_Task description_
What is needed is a word-for-word copy of the lines below from the one with "Tamiya - Dark" through the one with "QS5110-840 IQSmoke Wireless Smoke Heat Alarm", both included, with every picture left out.

Records for this exercise START

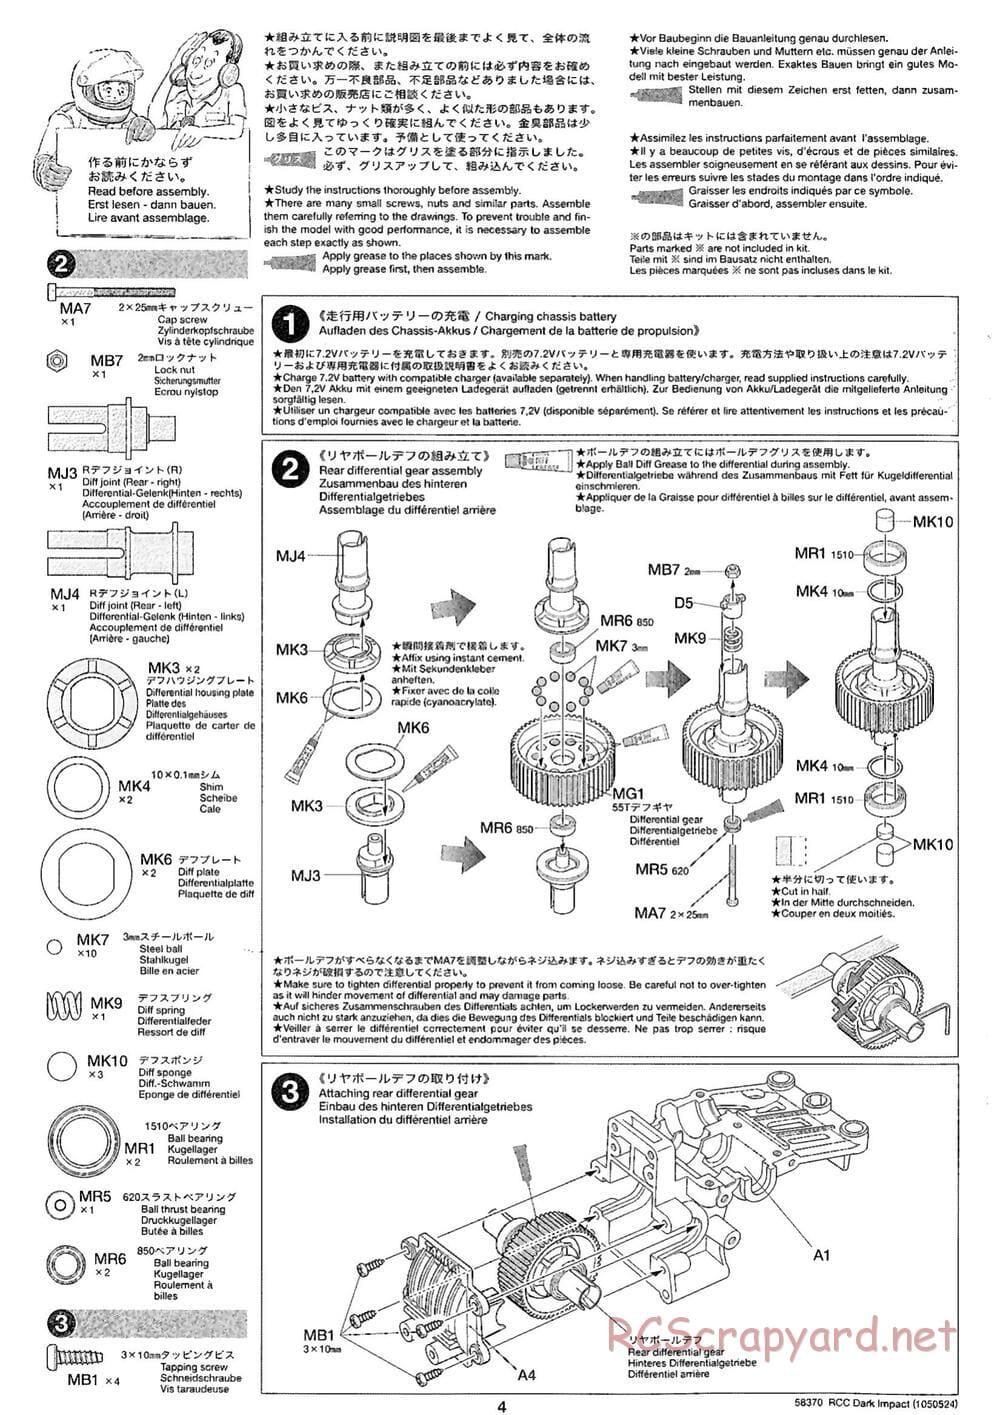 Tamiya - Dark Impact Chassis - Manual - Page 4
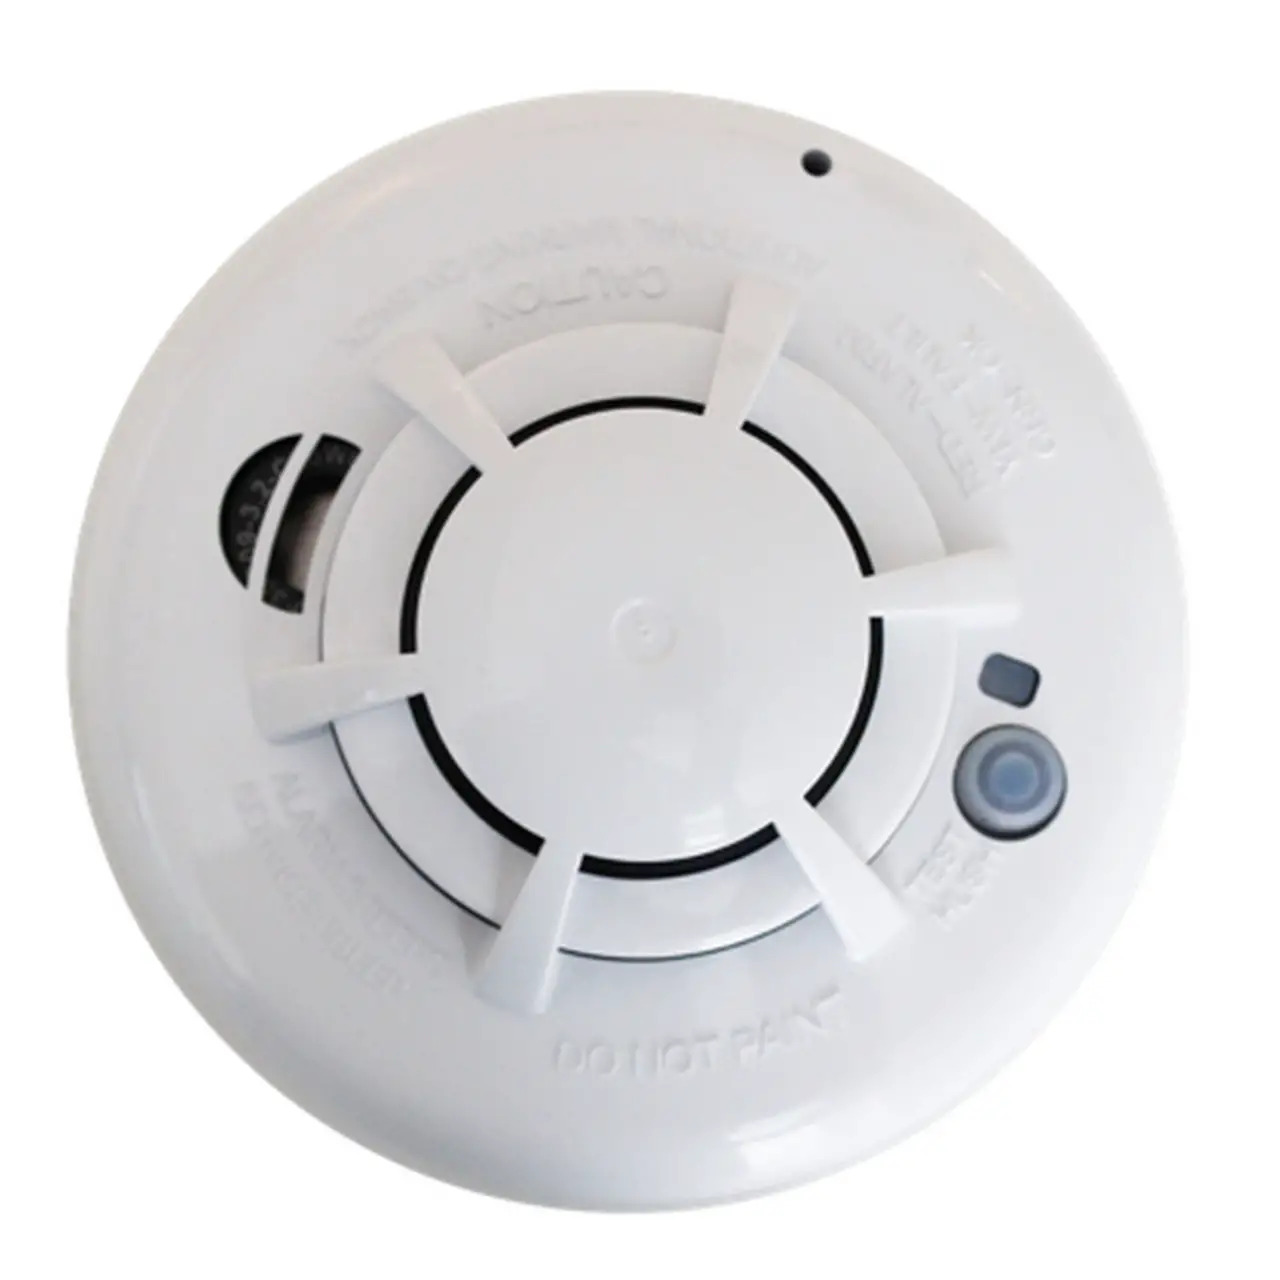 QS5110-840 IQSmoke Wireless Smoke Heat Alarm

Records for this exercise END
Records for this exercise START

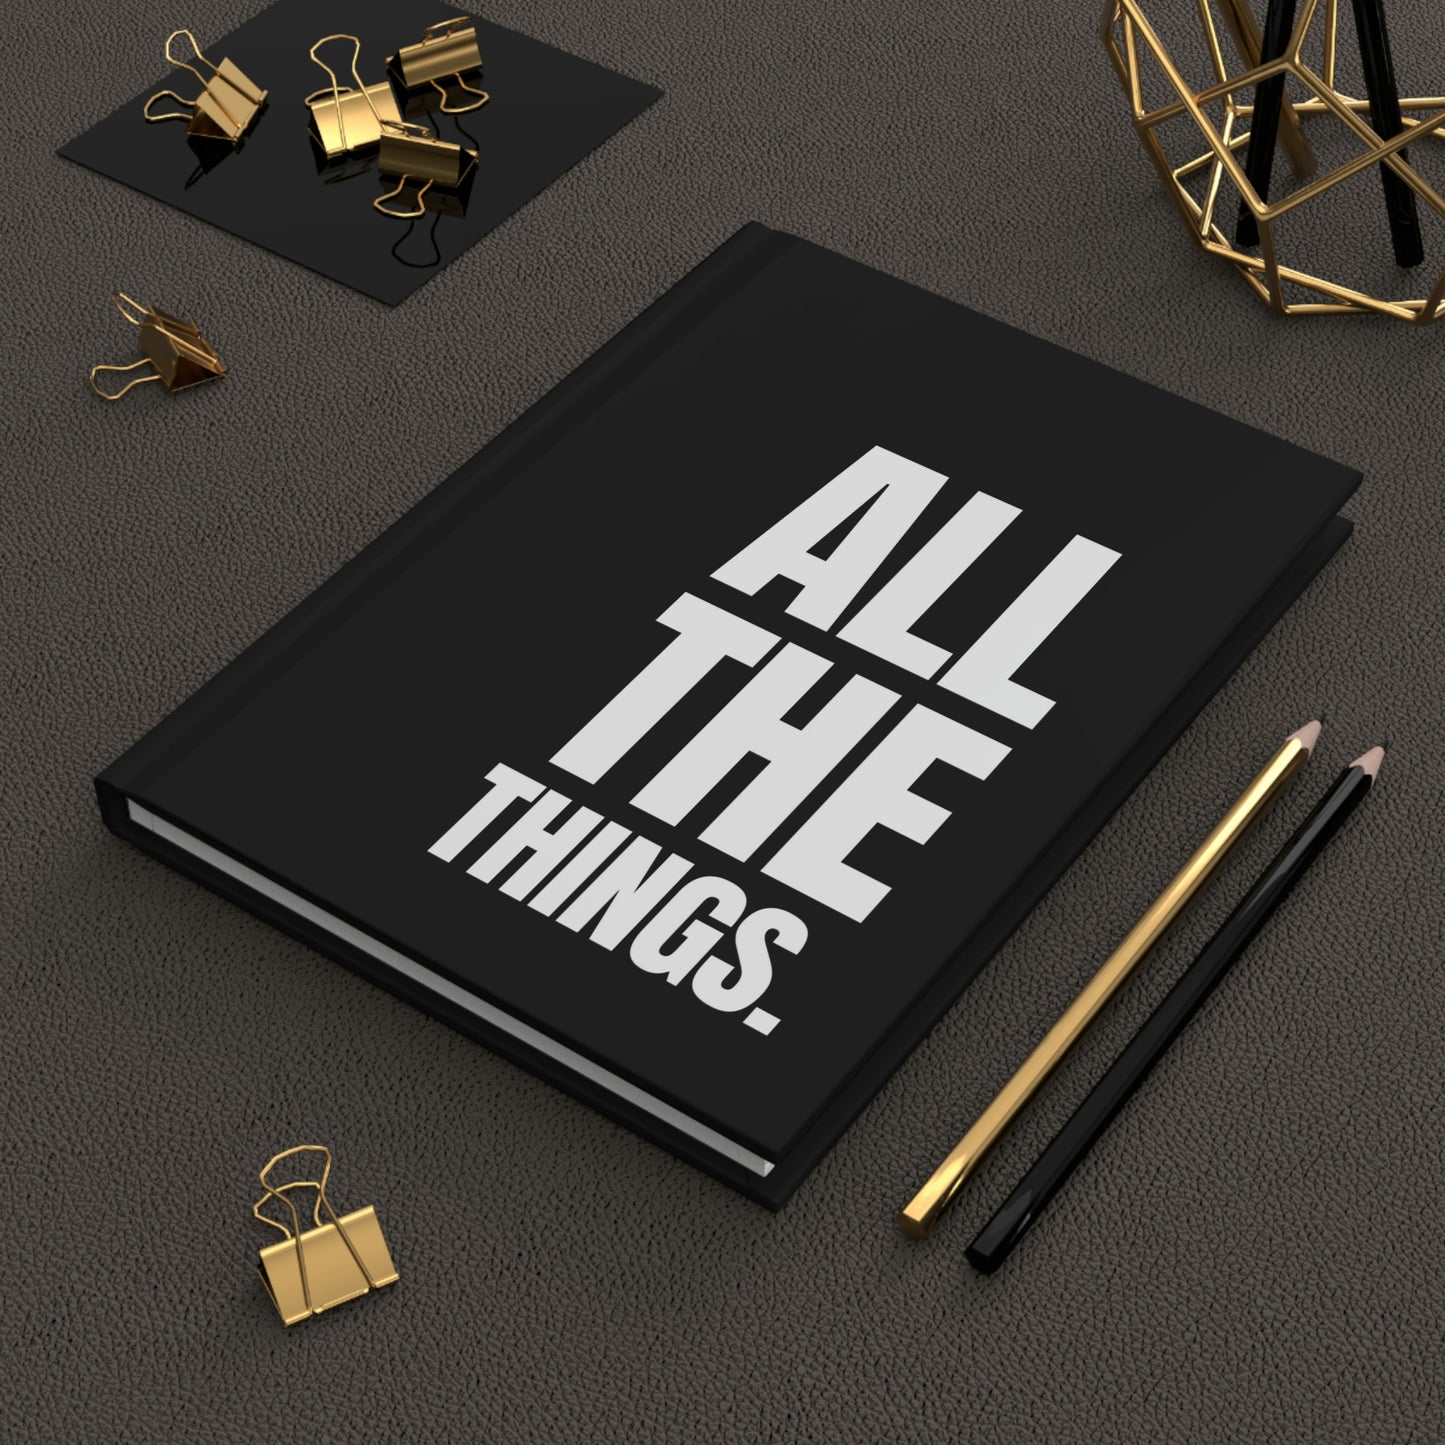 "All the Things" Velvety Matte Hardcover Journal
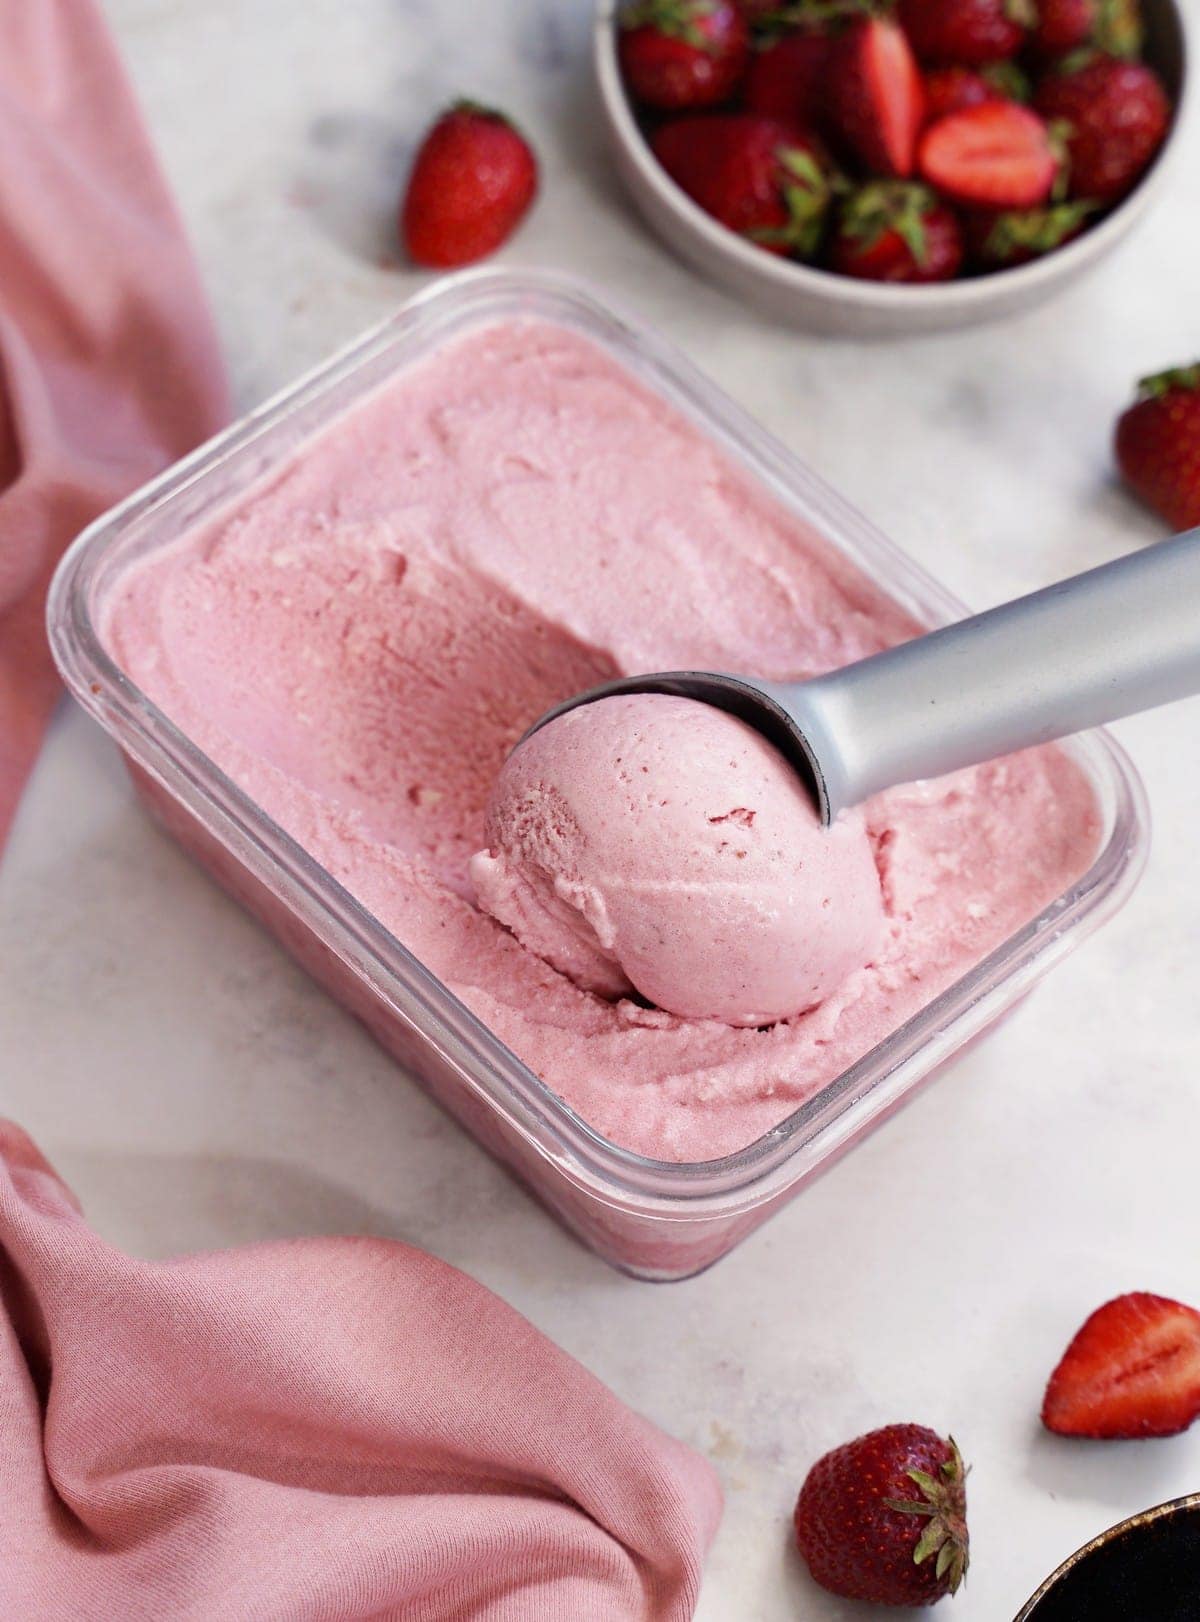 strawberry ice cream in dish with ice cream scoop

Records for this exercise END
Records for this exercise START

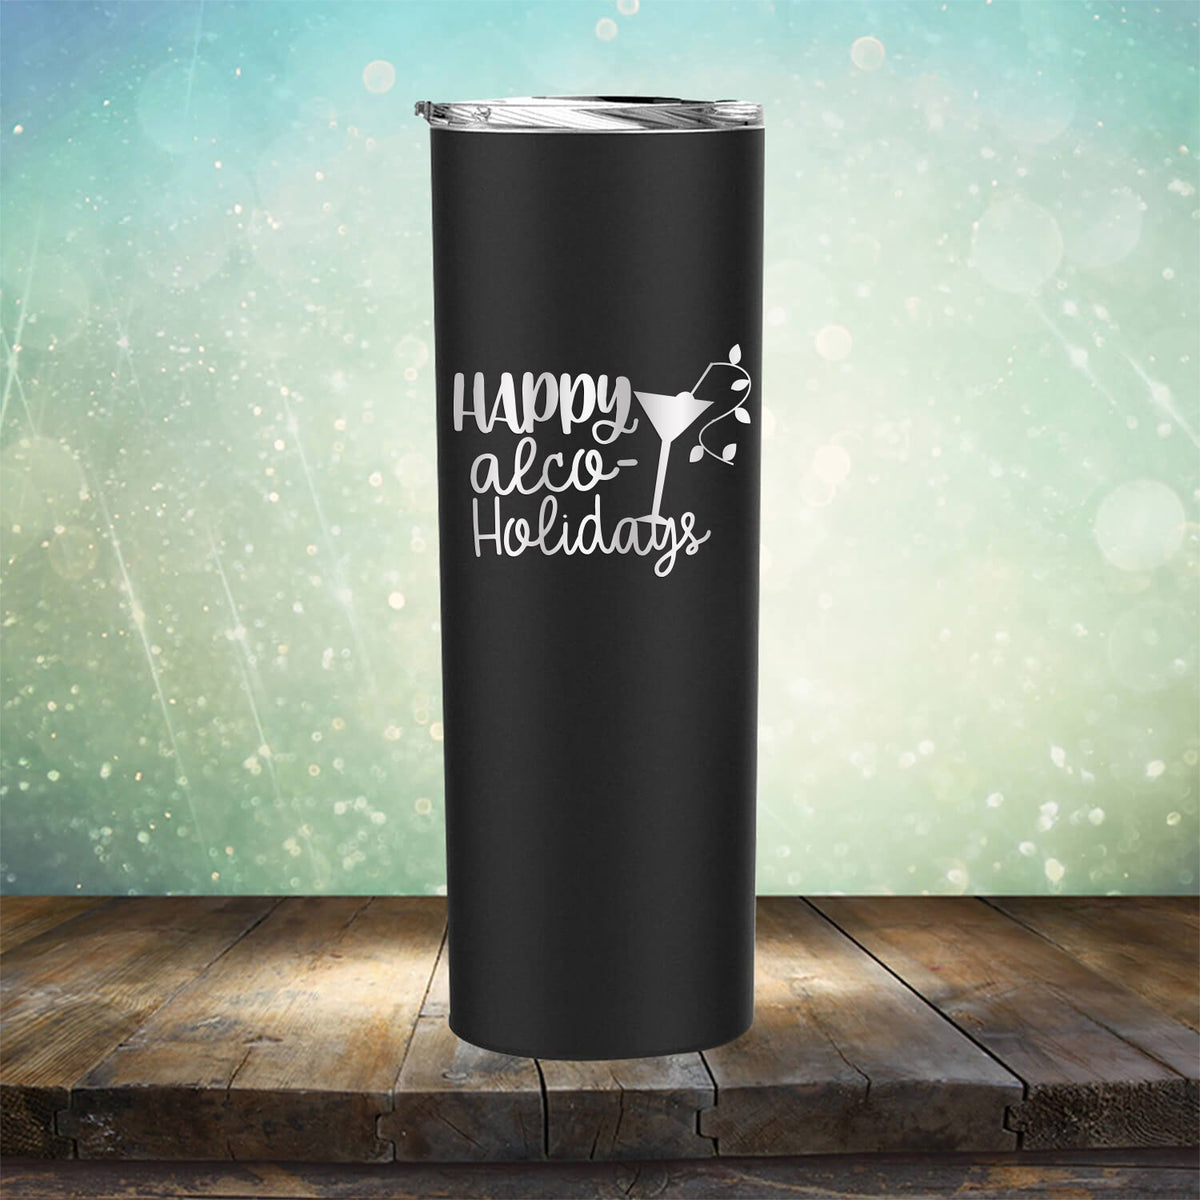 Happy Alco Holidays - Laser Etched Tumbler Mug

Records for this exercise END

_Output for this exercise_
 Tamiya - Dark Impact Chassis - Manual - Page 4
 QS5110-840 IQSmoke Wireless Smoke Heat Alarm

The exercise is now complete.